Tuesday, 7 May 2013

Information Management in Humanitarian Aid – by Louisa Schneider

What influences us every day in life, while making our decisions? What helps to asses, to evaluate, to define? The answer is – as simple as abstract – “information”. Who of us did never regret one decision, because he was wiser afterwards than before? Each person has his/her own wealth of information mixed with experiences, knowledge, prejudices, etc.

Today, the rapid developments in technology and software provide access to information and knowledge in immense abundance, faster than ever before (and mostly for free). In recent years countless information and knowledge databases have developed on the internet, used by millions or even billions of people. We call it the information and knowledge society (cf. Meier, 2006). One known quote from the German journalist and publicist Rudolf Augenstein (*1923, †2002; publ. Der Spiegel) is: “The number of those who are no more informed by too many information increases.” However, can there be an oversupply of information or is it just a question of adequate management?

In large companies and organizations information management was established to deal with this issue. Information is considered to be an important production factor. The one who is informed best can make the most rational decision. The same applies for humanitarian organizations (cf. Meier, 2006).

In the case of emergency and disaster, serious decisions, which have a tremendous reach and effects, have to be made within minutes. Therefore, information must be optimal accessible and communicable. A complete flow of information for all parties involved, especially decision-makers, is probably the most difficult task. Effective information management is the answer to this problem – or rather should be, since exactly at this point many weak points can be found nowadays.

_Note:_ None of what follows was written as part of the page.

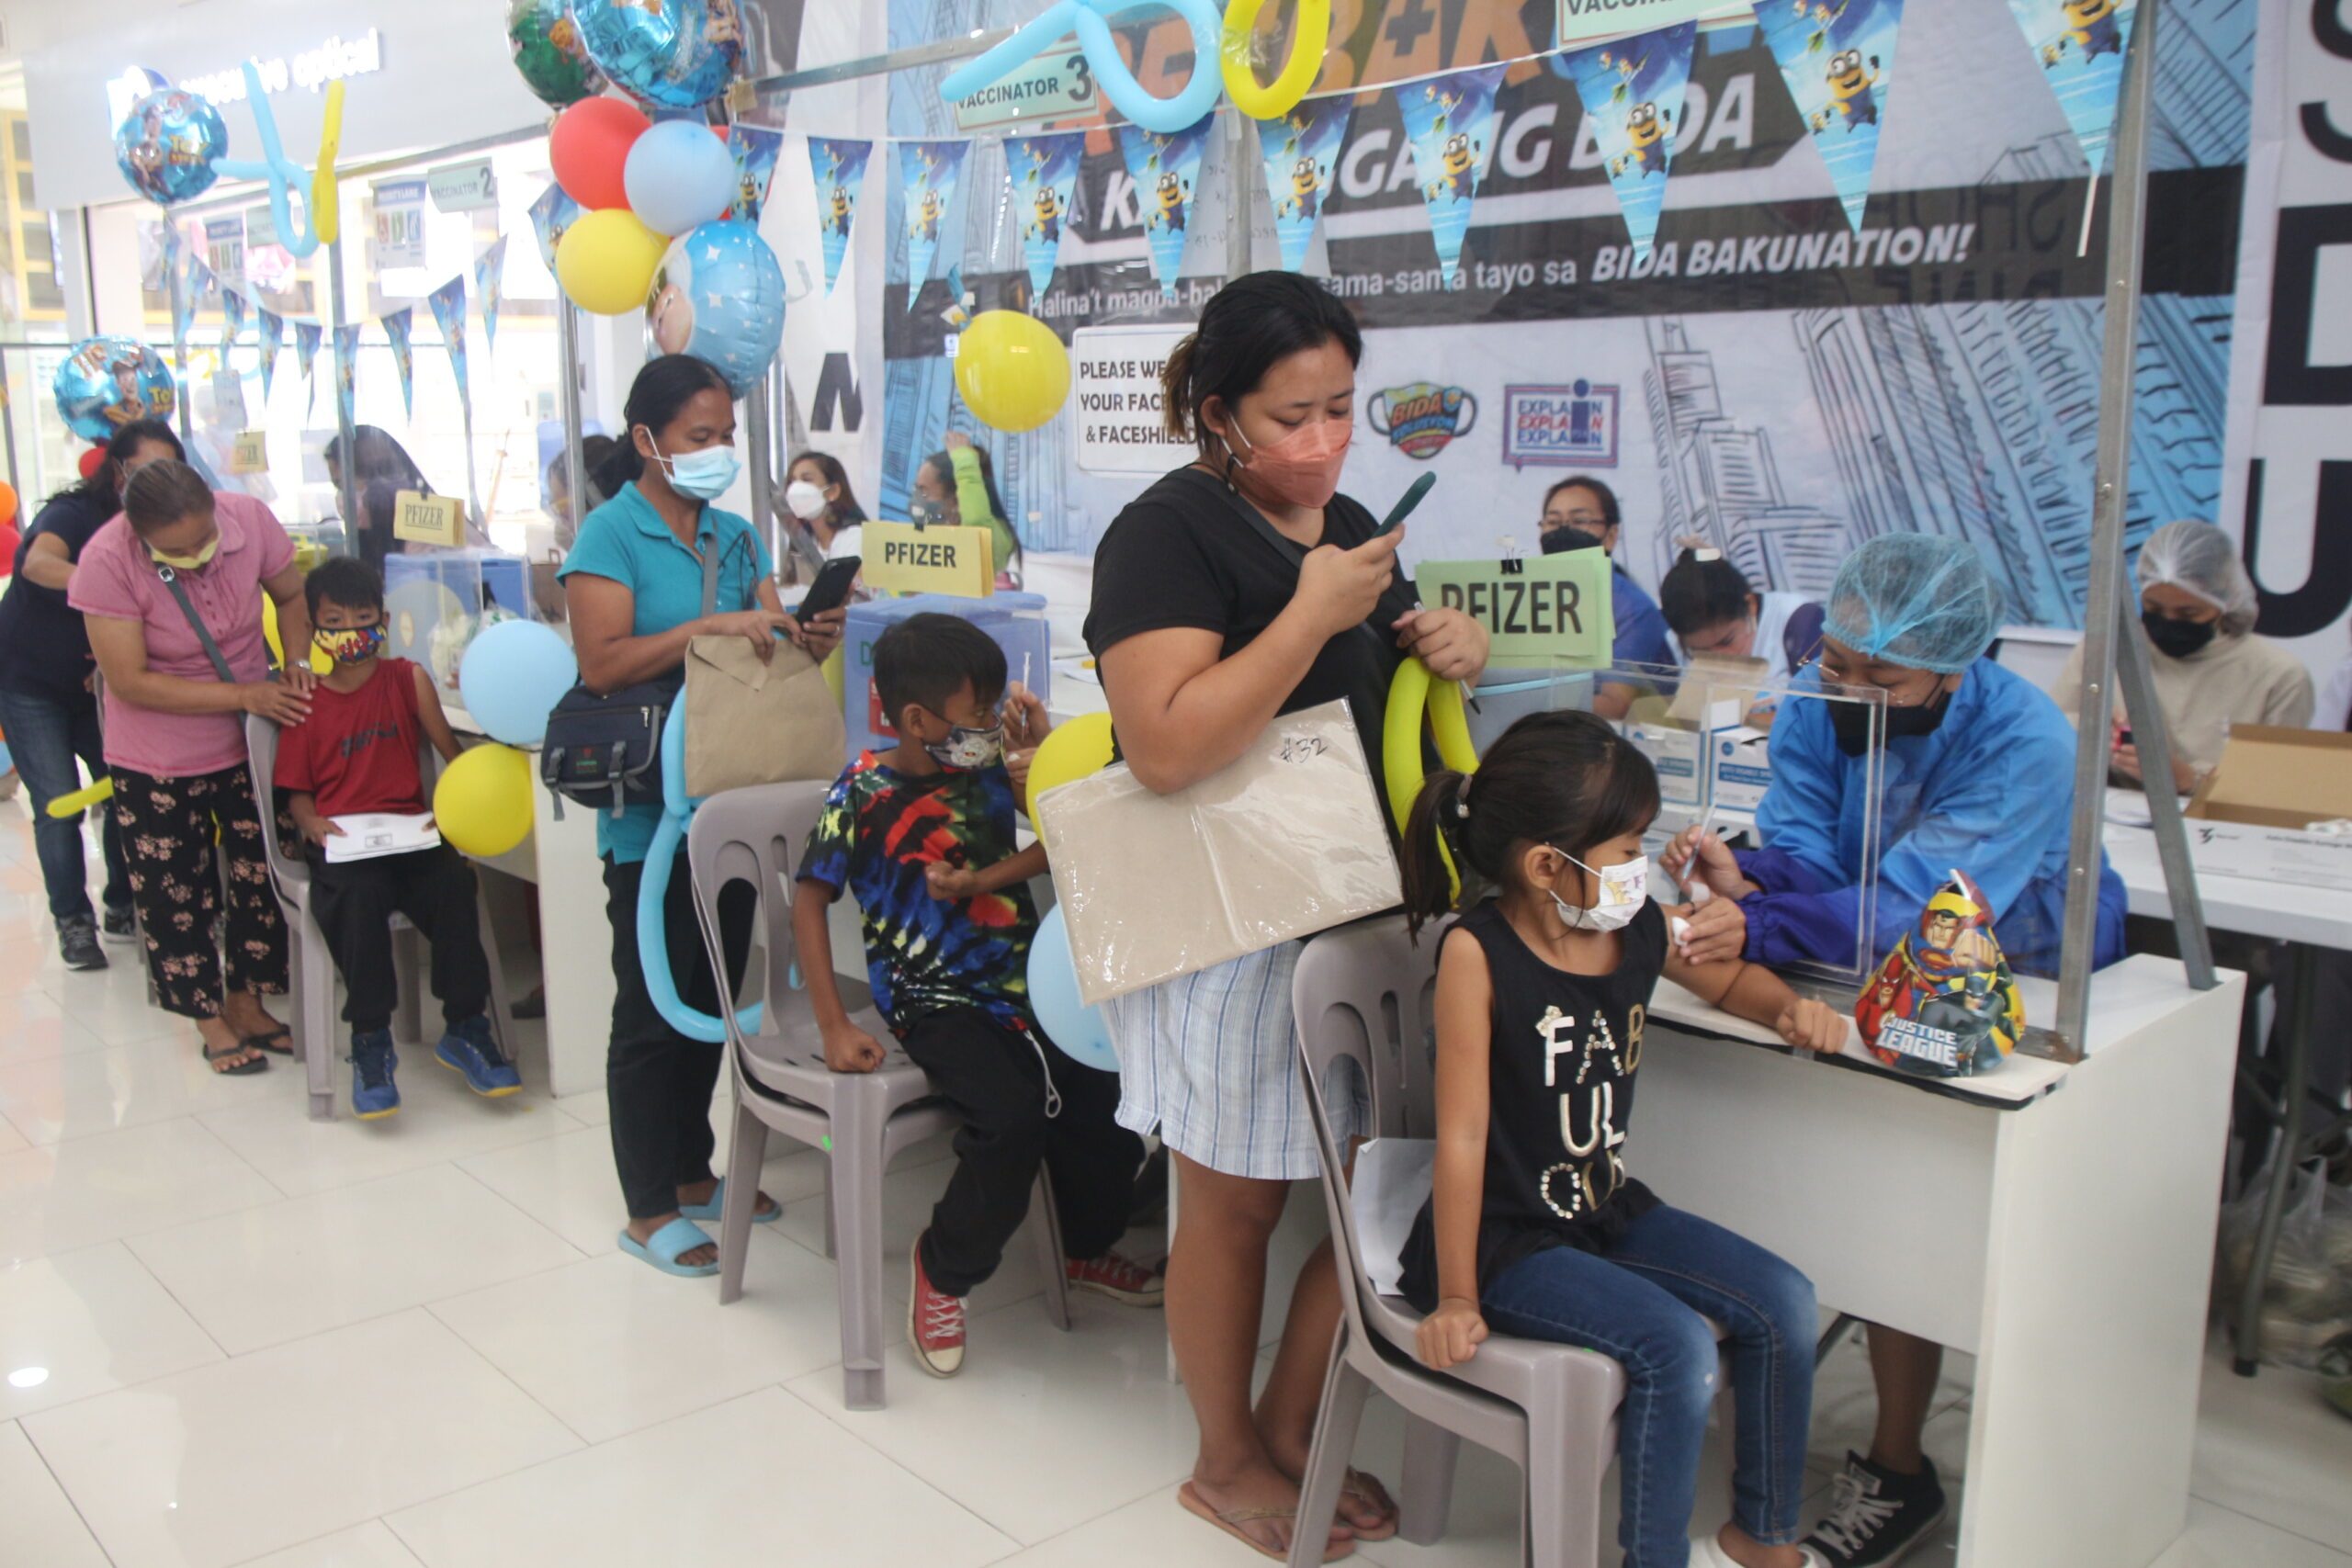 Over 21,000 children ages 5 to 11 get COVID-19 jabs in Ilocos region

The overwhelming humanitarian impact of the 2010 Earthquake in Haiti, or the Tsunami in the Indian Ocean 2004, generated tremendous coordination challenges, which are just two examples that still a lot needs to be done. Indeed, the challenges are enormous. Hundreds of organizations have to handle same or contradictory information, on this basis coordinate thousands of assistants, specialists and goods – until aid get where it is required. Having learned something from previous mistakes, new approaches are discussed and devised in the scientific discourse recently. Information and communication tools to support the work of humanitarian organizations are to be developed (Van de Walle & Dugdale, 2012). The activity of VGI opens up great potential to get real time information from disaster areas. Nevertheless, good management of the information is indispensable. We will see to what extend mankind will be able to manage and deal with the new invented forms of getting and spreading information.

List of literature

Meier, A. (2006). Informationsmanagement für NPO's, NGO's et al. Fribourg: Springer.

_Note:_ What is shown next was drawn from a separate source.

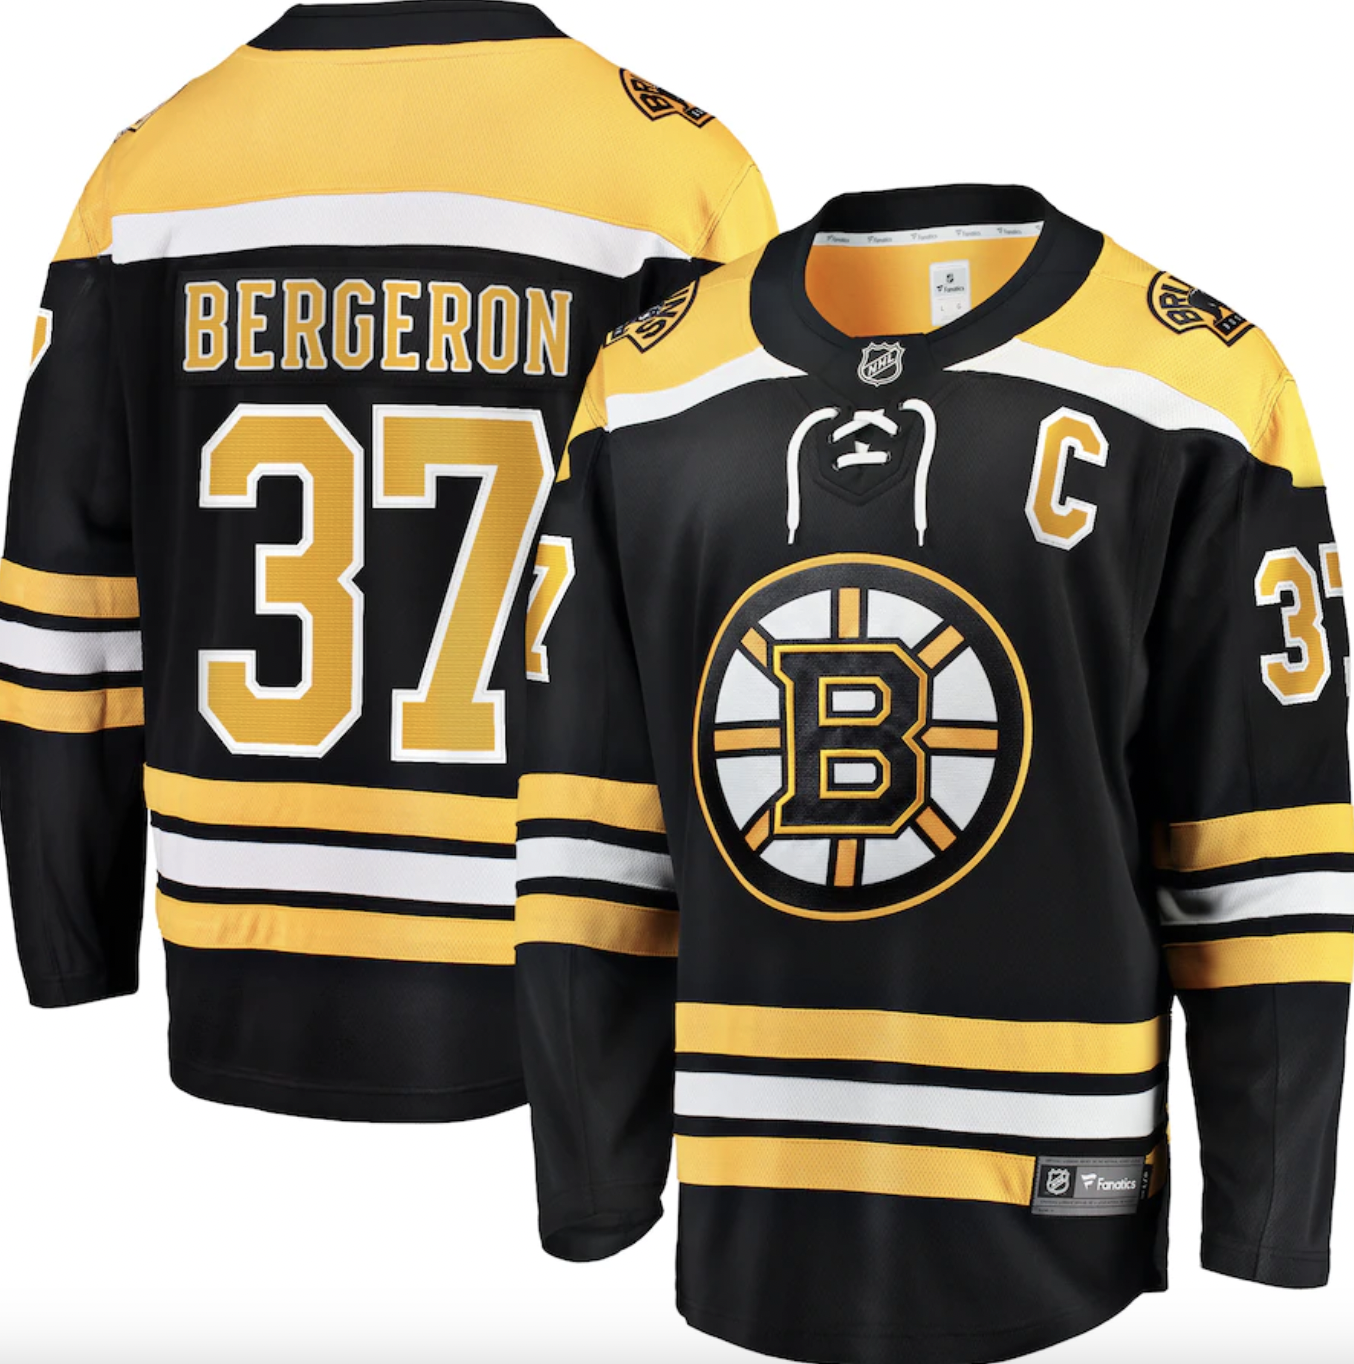 Boston Bruins Hockey Memorabilia & NHL Merchandise

Van de Walle, B., & Dugdale, J. (2012). Information management and humanitarian relief coordination: findings from the Haiti earthquake response. Int. J. Business Continuity and Risk Management, 4, S. 278-305.


  1. Also to be emphazised: In the field of VGI there have already been developed approaches and tools to manage information as well. - Louisa Schneider

  2. Werner Clödy7 May 2013 at 14:30

    In consequence of the developments in technology, information (especially VGI) is available on a big scale. However I think there is no oversupply of information because every kind of information is useful. So in my view the main challenge will be the coordination and management of information by specific actors.

    1. Yes, maybe we should replace the word "oversupply" with the word "overload".
      For example, the number of tweets during Hurricane Sandy in NYC area was about 30.000 tweets per minute(or per second?. This is clearly an information overload and the challenge is how to filter these information for relevant messages for crisis response...


  3. In my opinion there are definitely more and less useful information as well redundant information - also depending on the user of the information. An increasing amount of information makes an efficient management of them more difficult. Smart information management is definitely the key, especially automatic filters.

  4. Agree with the last comments, but even with the new tools and filters, the question remains how to handle incorrect messages or the fake messages ( mentioned on p.298) that are used to bring humanitarian aid teams to a specific area.

    1. That is also matter that came to my mind: How can we filter what is honest information and what is fake.
      And additionnaly I ask myself:
      Loading up an information is very fast and simple. After seconds work is done.
      Will the group of people taking voluntary more time then a few seconds to check the information always be big enough to handle all data?
      I think it necessary to have those people who control and filter, because who has really that much time and motivation to reflect every information he gets!?